Gunless is a movie that will play stereotypes for a few laughs. Hopefully it works out for all parties involved. No, I haven’t seen the movie (it starts on Friday), but I’ve seen the trailer and I know the basic plotline. An American gunslinger finds himself in Canada in the 1880s. He has crossed into Canada to avoid bounty hunters. He ends up in a sleepy little western Canadian hamlet where he is a well-armed fish out of water. The locals are composed of polite and generally passive people that would probably fit into an old Andy Griffith episode.
The gunslinger apparently plays his aggressive shoot-first-ask-questions-later hand in a town of bilingual Gomer and Goober Pyles. The entire situation is an exaggerated version of the difference between Canadian and American gun philosophies in an effort to build a Canadian version of funny dusters. We’ll see how that works out. Most of Canada’s best funnymen already have Hollywood addresses, so we will have to see how Canadian actor Paul Gross does as a funny American cowboy.

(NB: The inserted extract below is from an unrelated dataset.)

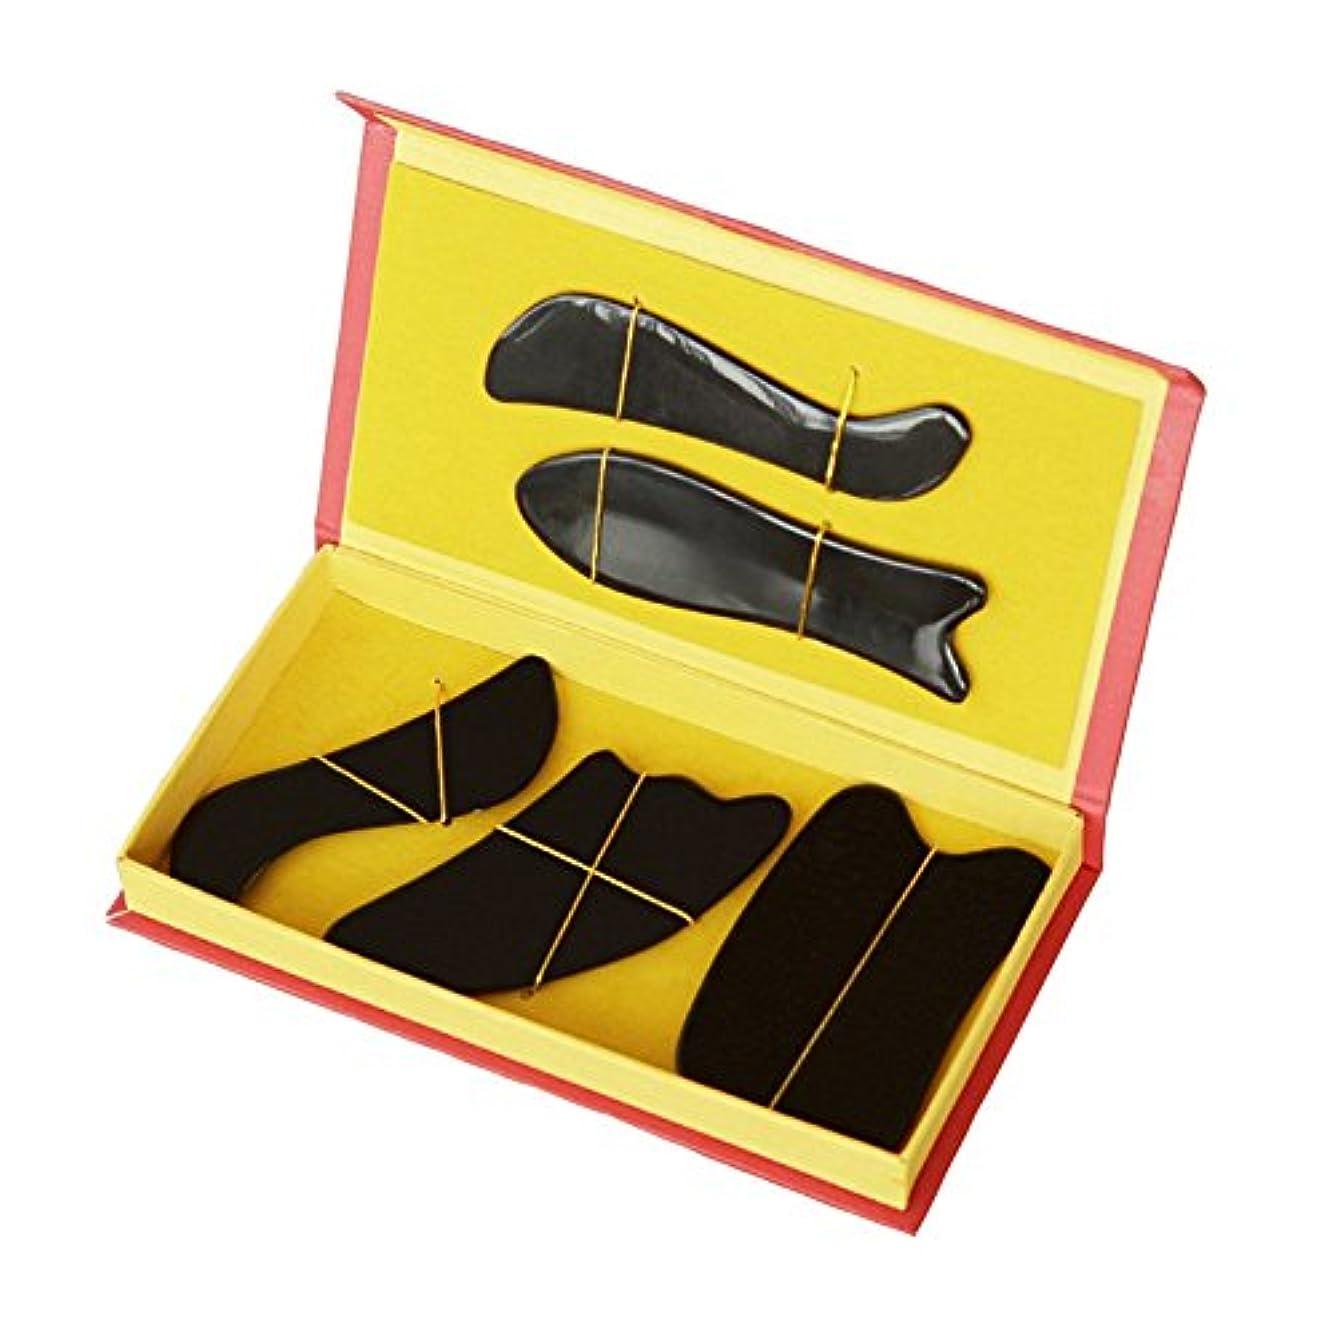 EQLEF 牛角カッサ·セット、カッサボード、カッサマッサージ道具  滑らかな牛角かっさプレート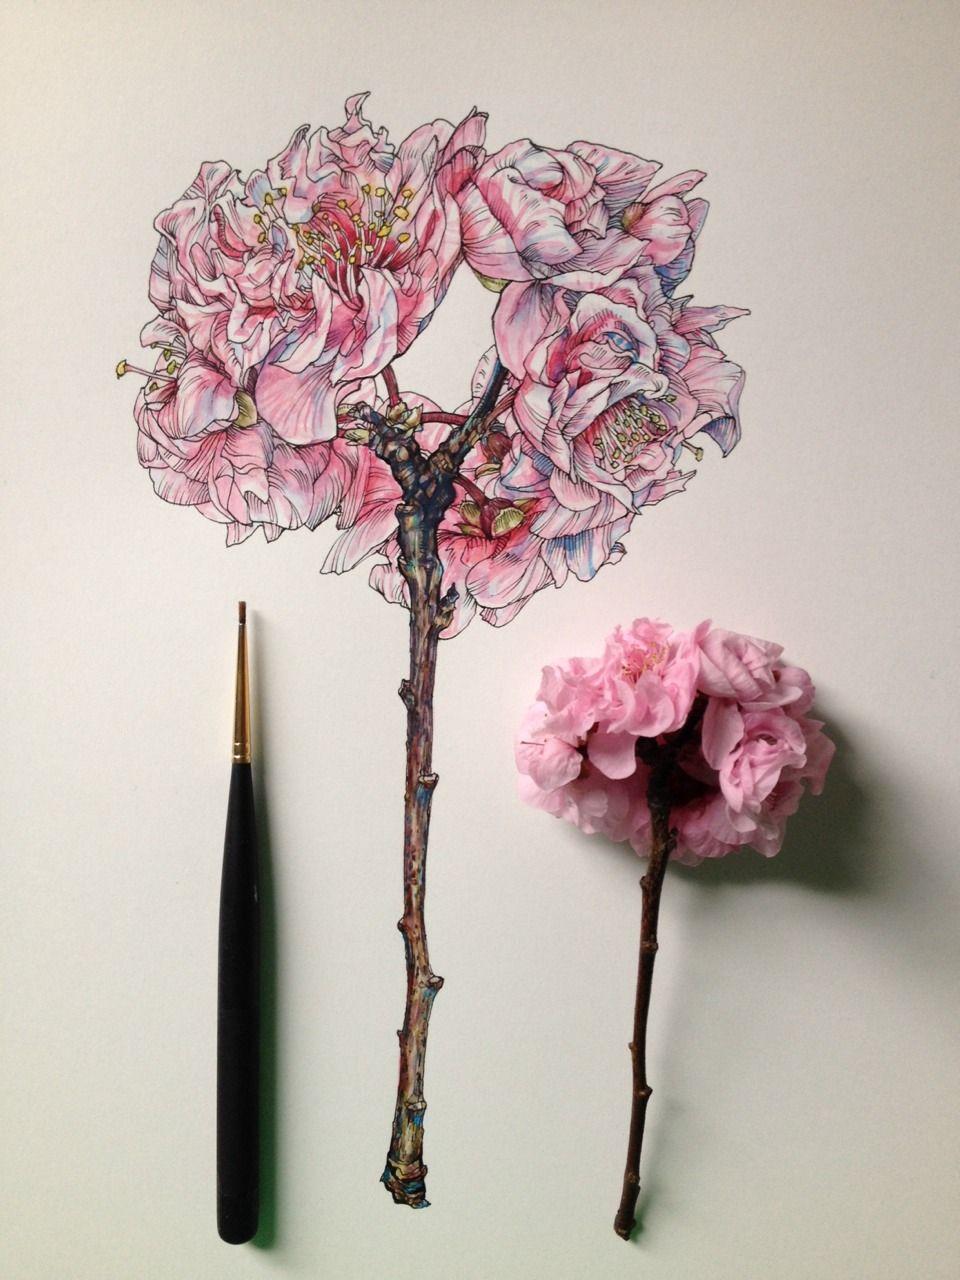 Flowers in progress scientific illustrator noel badges

The timeline around this movie is one of the bigger areas where you have to suspend belief. The late 19th century in western Canada was as wild as the American West. The whiskey trade was a large chunk of the revenue in western Canada, and the rule book was pretty thin.
Most disputes were settled by gunplay as firepower ruled over jurisprudence. The Canadian government sent in the Northwest Mounted Police to get a handle on the situation. They established forts and eventually brought law and order to an untamed part of Canada.
The time period of the movie also failed to take the Northwest Rebellion into account. The Northwest Rebellion was a Canadian civil war that pitted Metis (mixed Native Canadians and Europeans) and Native Canadians against the Canadian government in a fight for western Canada.
The Rebellion was eventually quashed and its charismatic leader, Louis Riel, was hanged for his crimes against Canada. To this day, Riel is a hero or villain, depending upon your political views.
The upshot of this little historical lesson is this: Western Canada was neither polite nor civilized during the period when ‘Gunless’ was supposed to have taken place. It will likely not get much theater play in the States, but it is not a very accurate depiction of the gun culture of 1880s Canada.
Law and order was a brand new concept in 1880s Canada, and it came via the Mounties. I have a strong suspicion that a fugitive gunslinger from the States would have had many takers for gunplay in that place and time in Canadian history. It was a far from funny situation.
Actually, Jim, it may be more accurate in its portrayal of frontier life (in both the US and Canada) than many people would think.
The myth of the blood-soaked Western town, beset by gunslinging outlaws, is pretty much a creation of the pulp novels of the late 19th century and was resurrected by Hollywood in the 40’s and 50’s.
I’m a great Paul Gross fan but even I found this one hard to take. Not bad, not good, just not particularly entertaining once you get past the stereotypes & one liners.